# Scratchbuilt H20 Tower



## concretepumper (Jan 2, 2011)

Made this last night and painted it today. Wrapped it with copper wire. I'm not sure why it's over the tracks but I thought it would look cool with the train going under it. I need to build a spout still.


----------



## NIMT (Jan 6, 2011)

Great job, Except you forgot the inspection hatch on the top.
You did a great job with the copper wire, I use copper wire allot. If you take the copper wire and burn it with a flame it really looks old and incredible. No don't burn it when it on the model!!!!


----------



## tjcruiser (Jan 10, 2010)

CP,

Fabulous! Really, really nice custom work.

Can you post a few key dimensions here so others can reference them, if needed? (Height, barrel diameter, etc.)

What did you use for the barrel? Scored bendable wood, or actually individual planks? Is there a tin can or jar or something on the inside that gave you a working form?

The copper looks great ... nice touch.

TJ


----------



## concretepumper (Jan 2, 2011)

Thanks Guys! I can't take all the credit. I got the idea here. Use a 3" PVC coupling, balsa, and a bunch of glue! 

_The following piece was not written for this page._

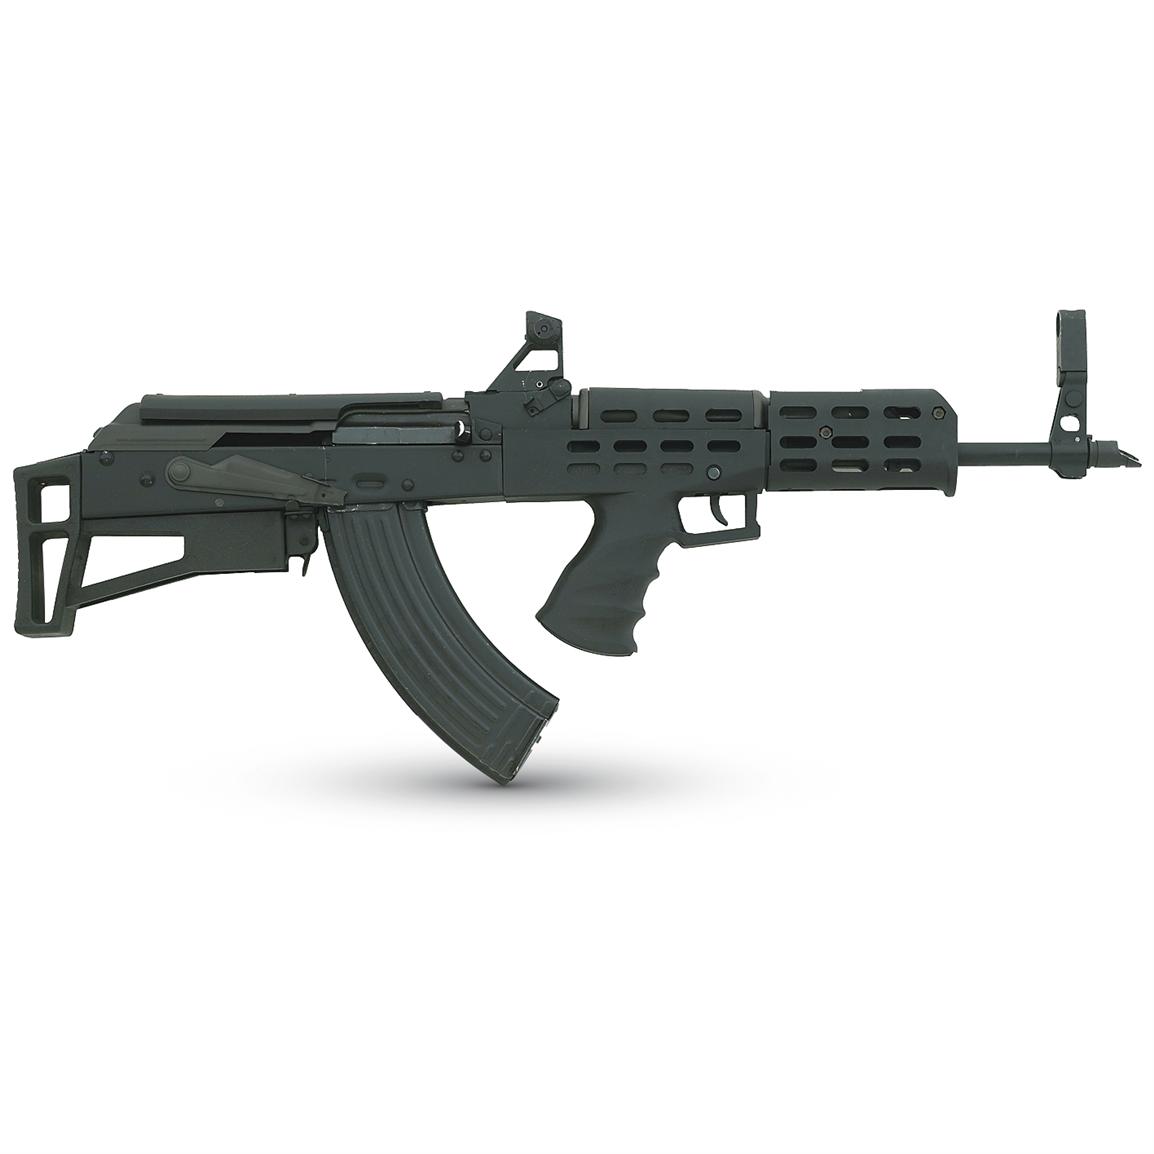 AK - 47 Bullpup Stock

http://www.jndrailroad.com/JND railroad/JND mainpages/Articles.html


----------



## kursplat (Dec 8, 2010)

cool site, thanks


----------



## erkenbrand (Dec 6, 2010)

Very cool site. And that's a great looking water tower!


----------



## tankist (Jun 11, 2009)

looks good and above average indeed.
pipe detail is extra fine touch.

i feel you striving for top notch so if i may i'll make couple note:.
1. the copper why shiny looks to new. perhaps it will naturally oxidize with time 
2. wood construction is good but ladder treads feel blown. i'd split the piece in the middle to make it thinner.
3. paint. looks brand sparkling new construction. weathering the wood a bit can add a lot of ife into this .

good luck and post more.


PS
thanks for the link. very interesting blog


----------



## concretepumper (Jan 2, 2011)

tankist said:


> looks good and above average indeed.
> pipe detail is extra fine touch.
> 
> i feel you striving for top notch so if i may i'll make couple note:.
> ...


Thanks Dude! I haven't played with weathering anything yet. I am just now leaving the hobby of diecast customs and getting into the train thing. I agree with the ladder rungs being too big. It was what I had on hand.


----------



## NIMT (Jan 6, 2011)

Tooth picks make great ladder rungs.


----------



## Robes (Jan 5, 2011)

Cool site...... what gauge is the tower?


----------